Obama’s transparency failure

President Barack Obama picks someone to ask a question during an event with Young Southeast Asian Leaders Initiative fellows, Monday, June 1, 2015, in the East Room of the White House in Washington. (AP Photo/Evan Vucci)

Barack Obama, before and after becoming president, pledged to produce the “most transparent” administration in U.S. history. But the backlog of unfulfilled requests for federal documents under Freedom of Information Act regulations has doubled since he entered the White House in 2009.

That’s not according to some Republican congressional committee.

That’s according to President Obama’s Justice Department.

Administration officials blame the extended delays on a rise in the number of FOIA requests and staffing cuts.

However, if transparency were really the high priority the president vowed that it would be in his administration, necessary adjustments would have been made to handle the extra load. Instead, FOIA requests continue to languish long beyond the prescribed deadlines for answers.

The House Oversight and Government Reforms Committee, seeking answers to the breakdown in FOIA request processing, endured a wide range of buck passing from White House, State and Justice Department officials this week.

As the Huffington Post reported: “Frustration with the administration crossed party lines on Wednesday as Rep. Elijah Cummings (D-Md.) said the testimony heard by the committee during the two-day hearing series vastly contradicted each other. During testimonies from the American Civil Liberties Union, The New York Times, Vice News and other groups on Tuesday, lawmakers said everyone shared stories of FOIA requests going unanswered well past the 20-day window the law permits, including a number of requests that stretched on for years.”

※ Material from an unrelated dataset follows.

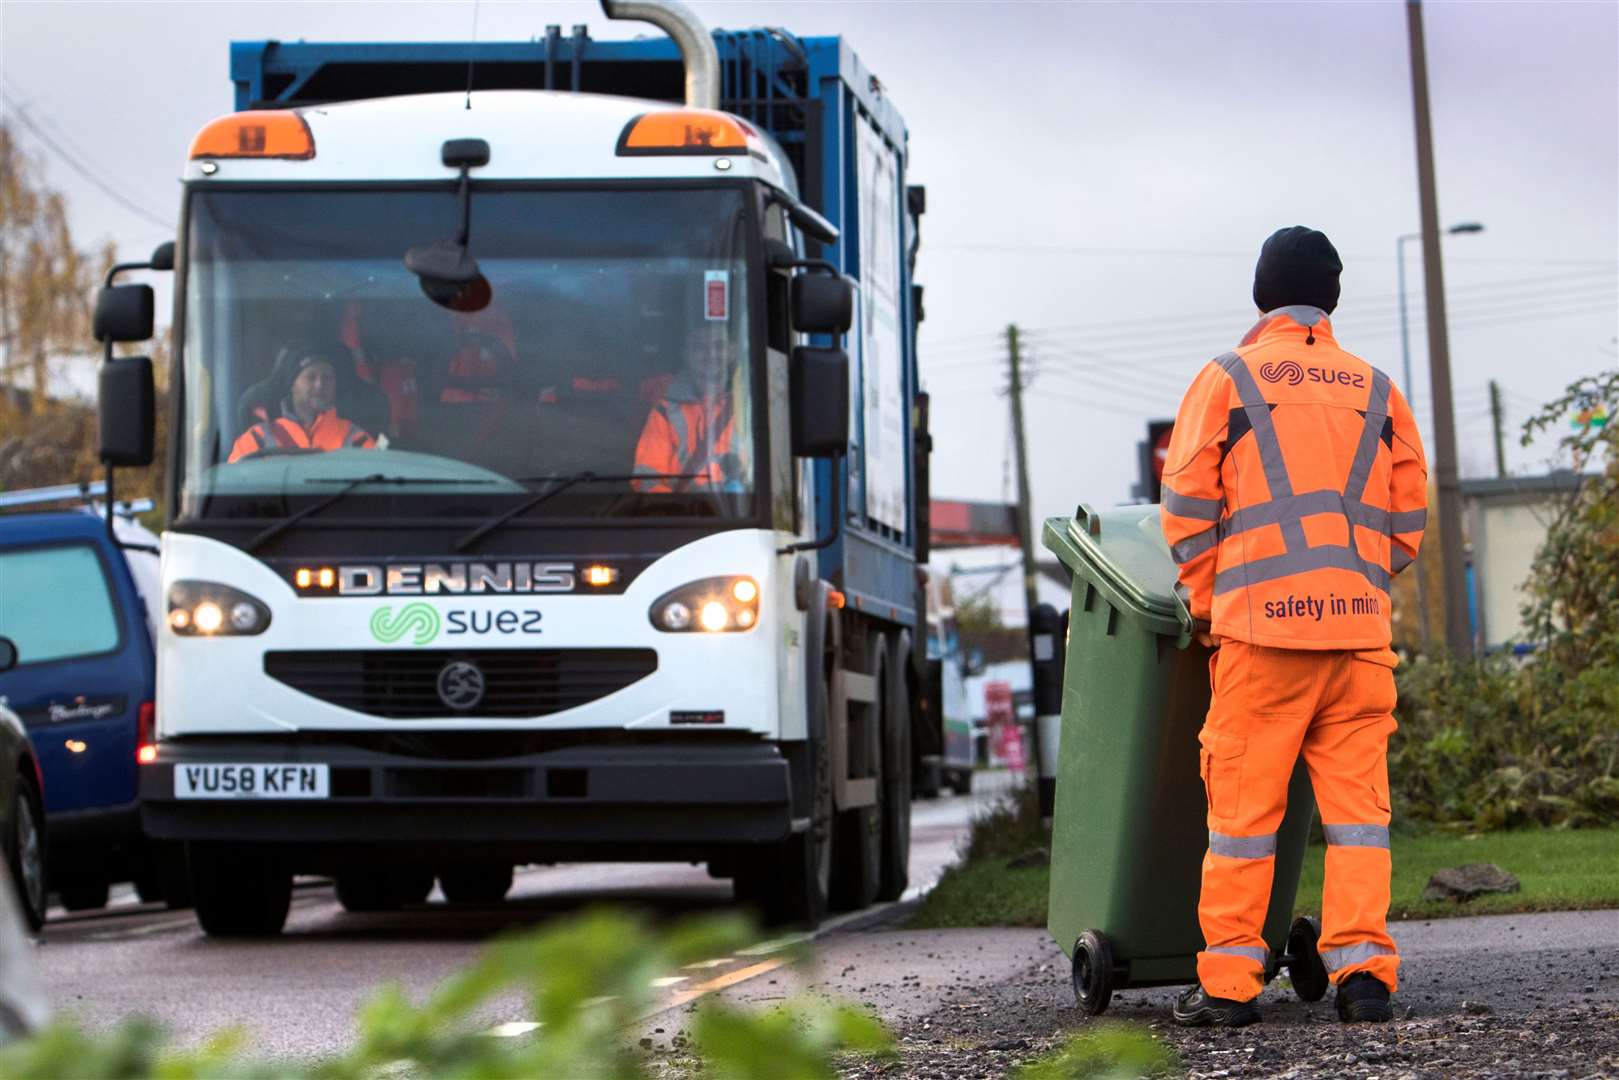 Maidstone, Swale and Ashford councils’ waste contractor Suez is under fire. Picture: Suez

Exasperation over the administration’s FOIA failure also stretches way back. In 2012, longtime FOIA specialist Katherine Meyer, a Washington lawyer who had high hopes for the Obama administration, told Politico:

“Obama is the sixth administration that’s been in office since I’ve been doing Freedom of Information Act work. ... It’s kind of shocking to me to say this, but of the six, this administration is the worst on FOIA issues. This administration is raising one barrier after another. It’s gotten to the point where I’m stunned — I’m really stunned.”

So criticism of the Obama team’s abysmal FOIA record isn’t part of a vast right-wing conspiracy. And timely access to pertinent government documents is not a partisan issue.

This excerpt from an official memorandum still posted on the White House website, from President Obama to the heads of federal agencies, puts it well:

“Transparency promotes accountability and provides information for citizens about what their Government is doing. Information maintained by the Federal Government is a national asset. My Administration will take appropriate action, consistent with law and policy, to disclose information rapidly in forms that the public can readily find and use.”

With little more than 18 months left in to President Obama’s second term, that “transparency” remains sadly lacking.

This much, though, is clear: President Obama has fallen far short of keeping his “most open and transparent administration” promise.